Colt's eyes darted back to Molly at the question, considering whether or not confirming the question was a good idea. Molly probably would have shrugged if such movement of her shoulders was possible but instead she stared blankly in response. Left on his own, his gaze drifted to the non-human driver before moving back to the dark haired man directing the question to him. "Yeah?" It was part question, part answer.

"Name's Elbrand Massey," he said, glancing around at the trees and looking utterly ill at ease in the setting. "captain of the transport vessel, Lux Signator."

His arms crossed his chest, lifting a brow as he let his eyes drift over the truck in his drive. "Sounds like a mighty fine gig there, Captain. How can I help you?"

"Have a package for you. A woman came to see me before we set out on a run near the end of June. Told me she needed me to carry it with us on the run, and when we got back to the station, to bring it here and give it to you. Craziest damned thing ever," he rubbed the side of her jaw awkwardly. "But she was sweet and no complaints on the pay for the job."

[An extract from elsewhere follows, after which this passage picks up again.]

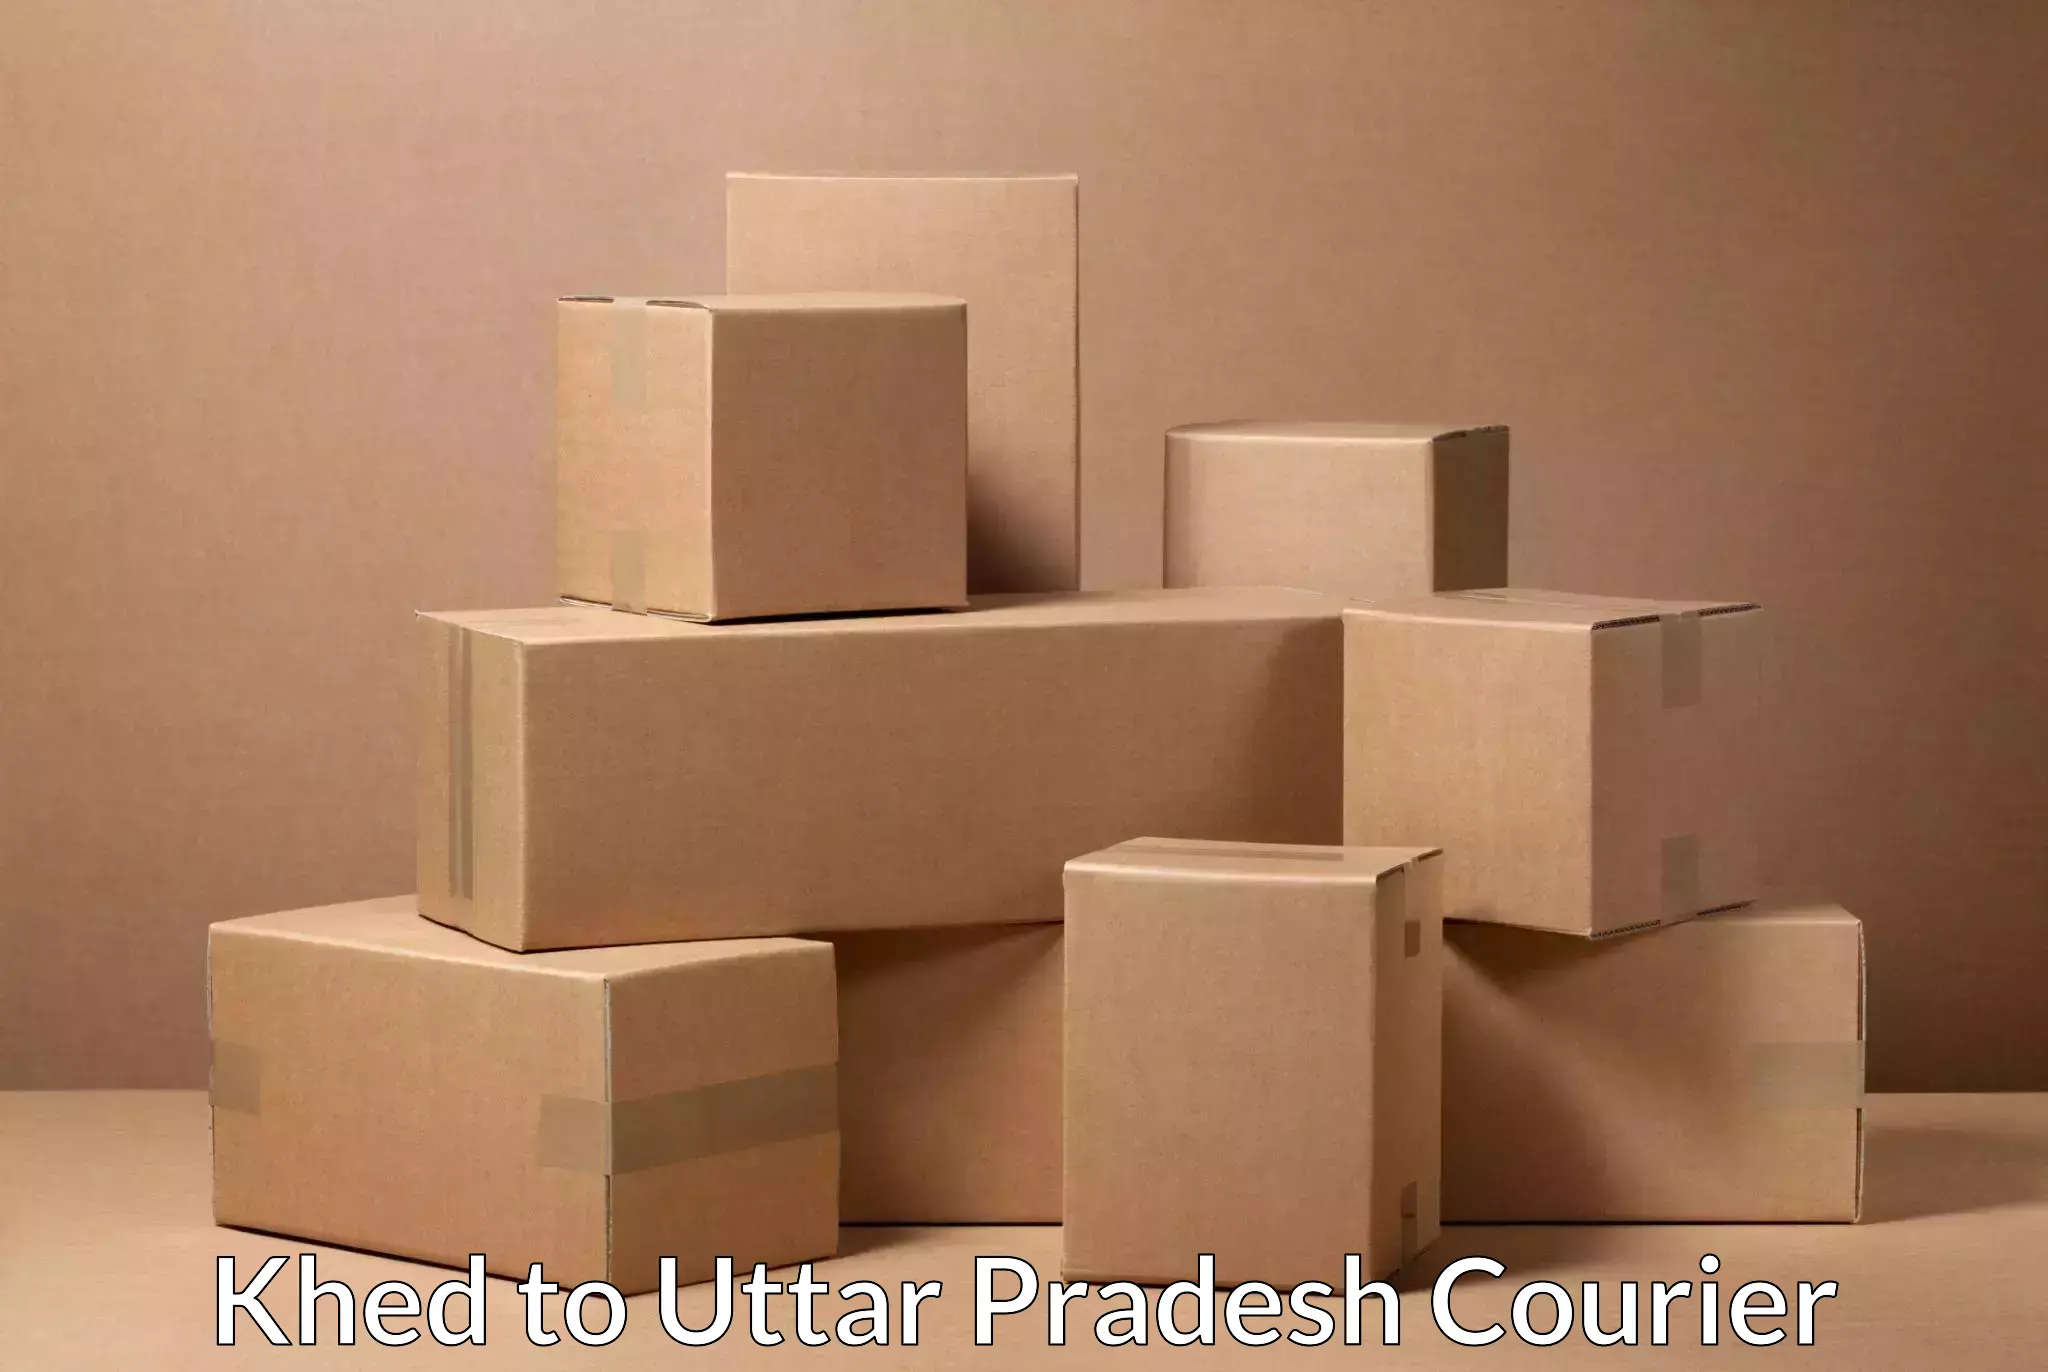 Online courier booking Khed to Uttar Pradesh
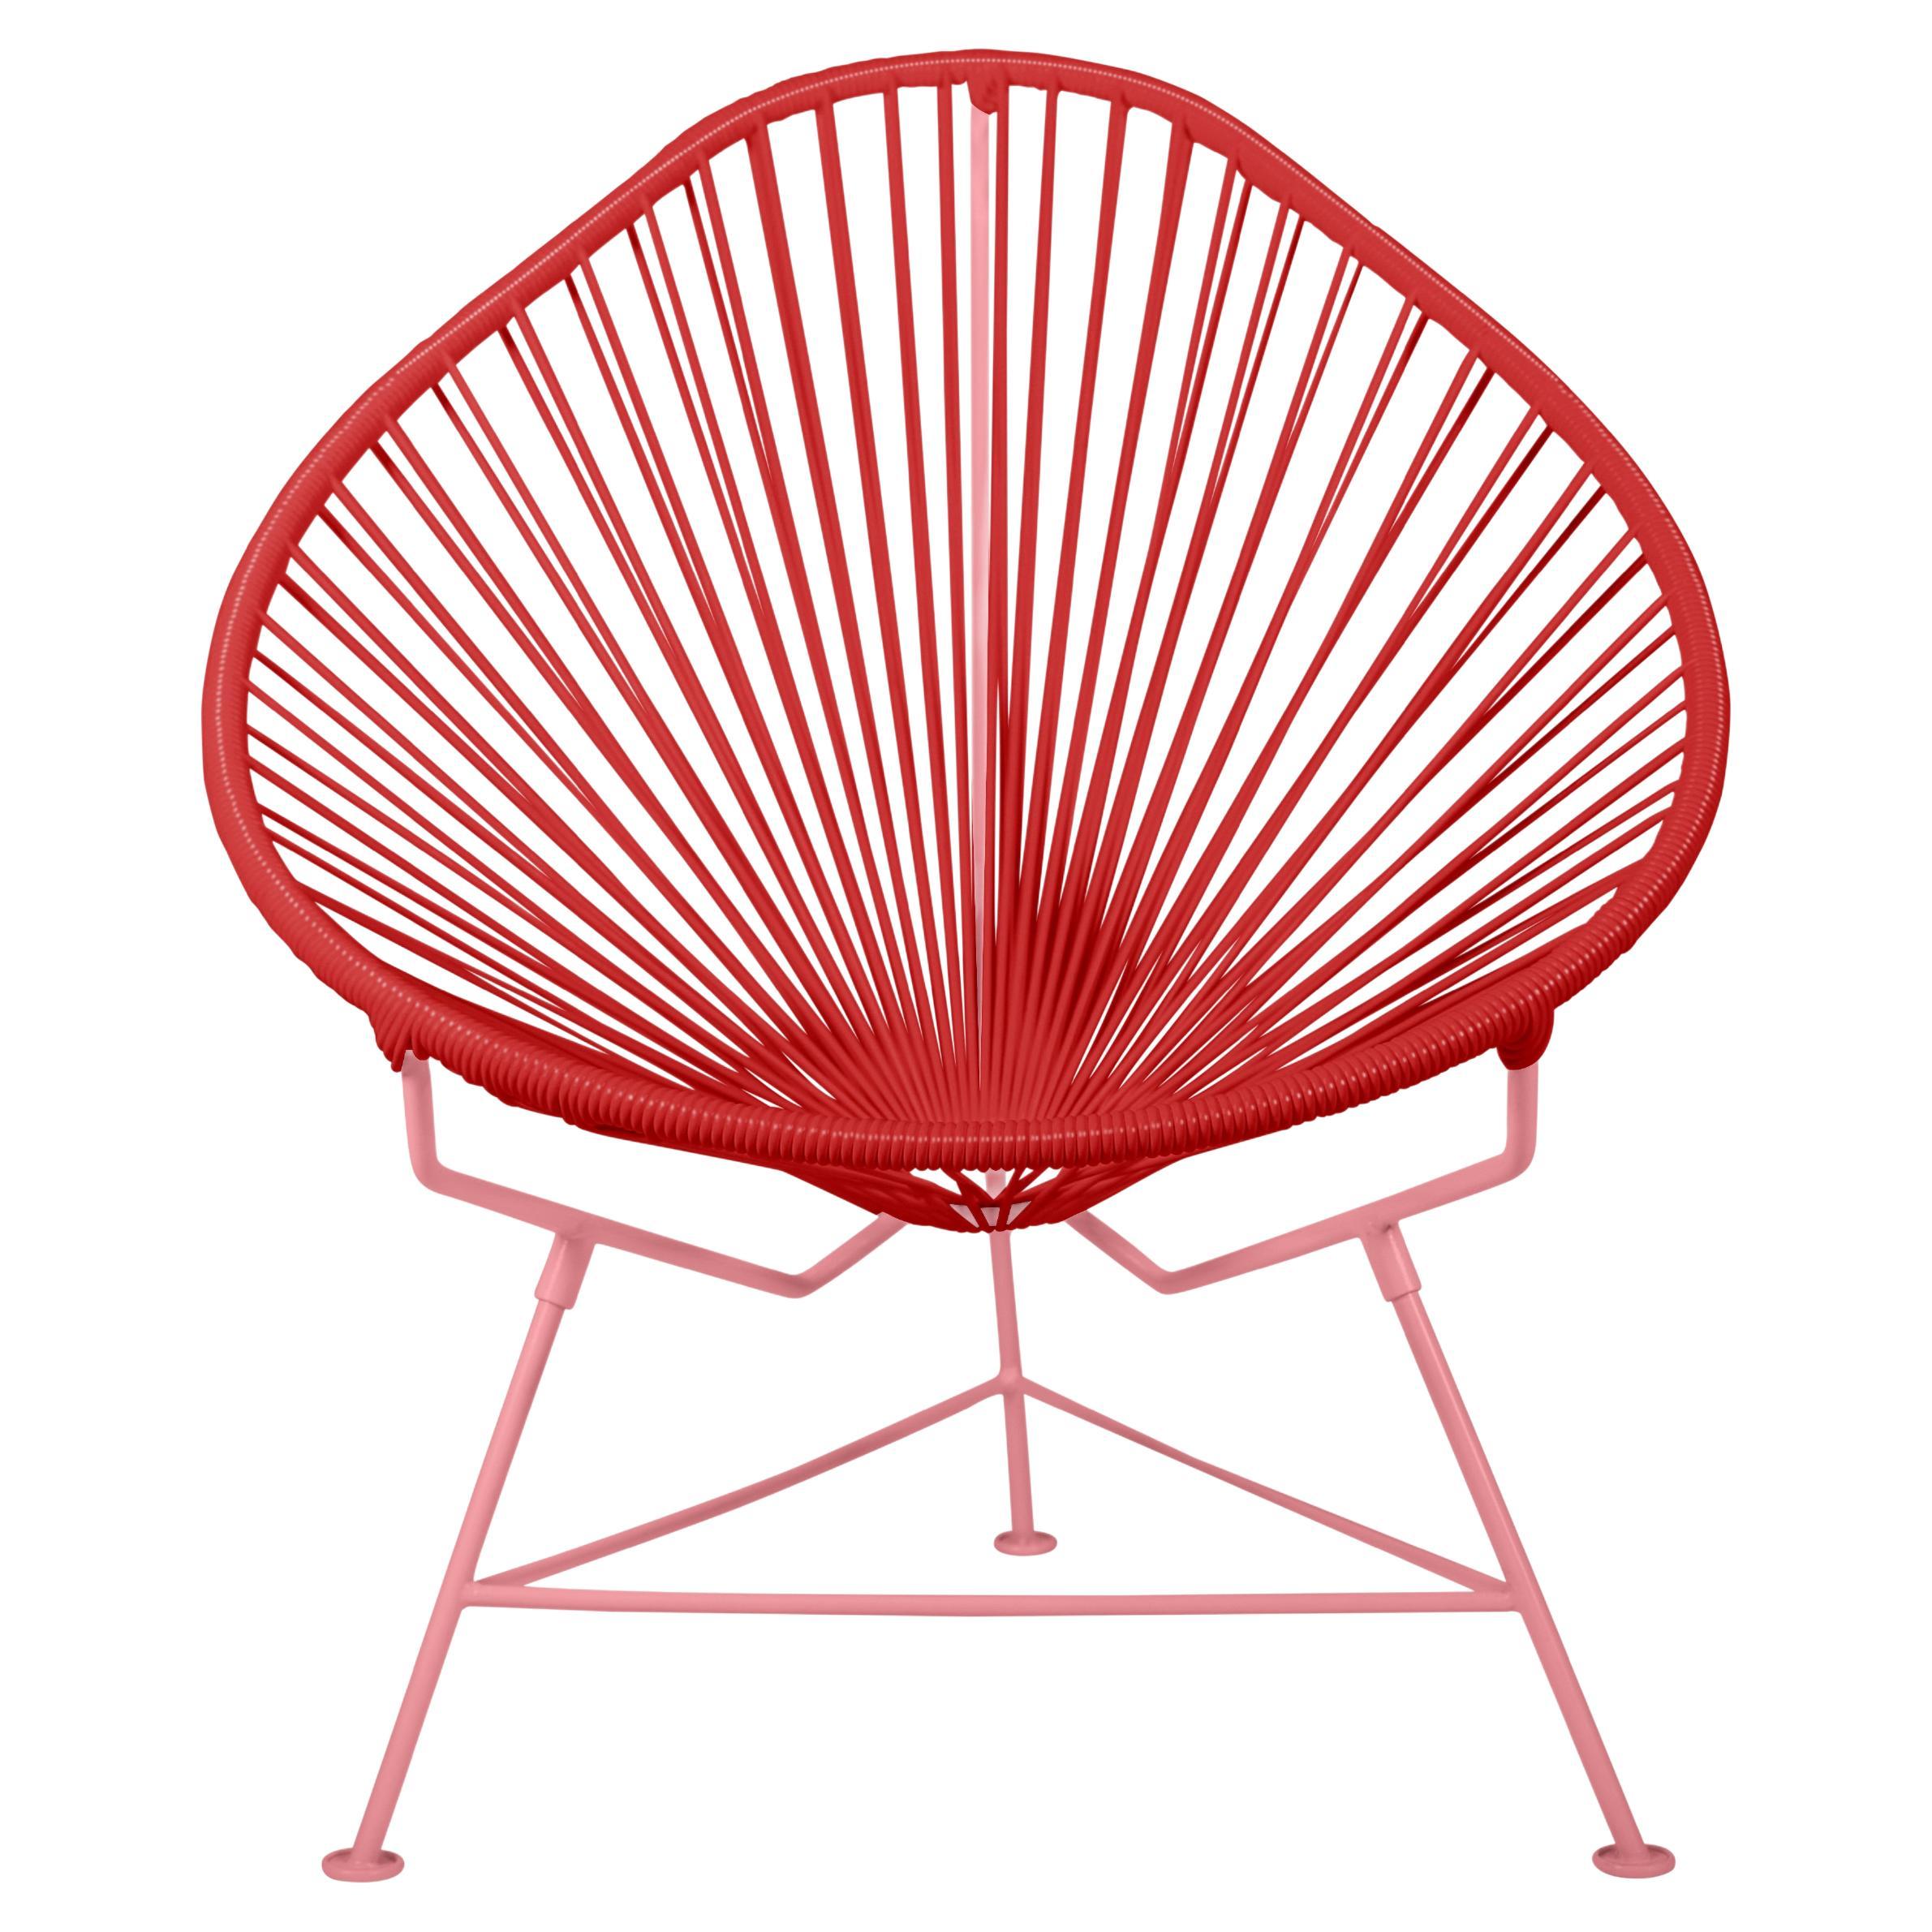 Innit Designs Acapulco Chair Red Weave on Coral Frame For Sale

Molly whined and he felt the desire to echo her sentiments. This couldn't possibly be good. Heaving a reluctant sigh, his arms dropped and he gave a nod. "All right. Let's see this thing."

The man nodded, eager to have this over with and get back to the station. "Insisted it had to be my ship. Kept saying it was important." He shook his head and pulled a brown paper-wrapped box from the cab of the truck. It was bound in packing tape and had Colt's name and address on the front. "Blight if I know why, but here it is."

"The woman give a name?" He hesitated for a moment, contemplating handing over as much cash as he had in his wallet to get the man to dispose of it. But, as always, curiosity got the best of him. The box was heavier than expected as he took it from the man's arms but not a chore to carry.

"She had to. We don't carry anything that doesn't have a source registered. J. Harper is how she signed the manifest." He rubbed his palms on his pants as soon as the man took the package. "You know her?"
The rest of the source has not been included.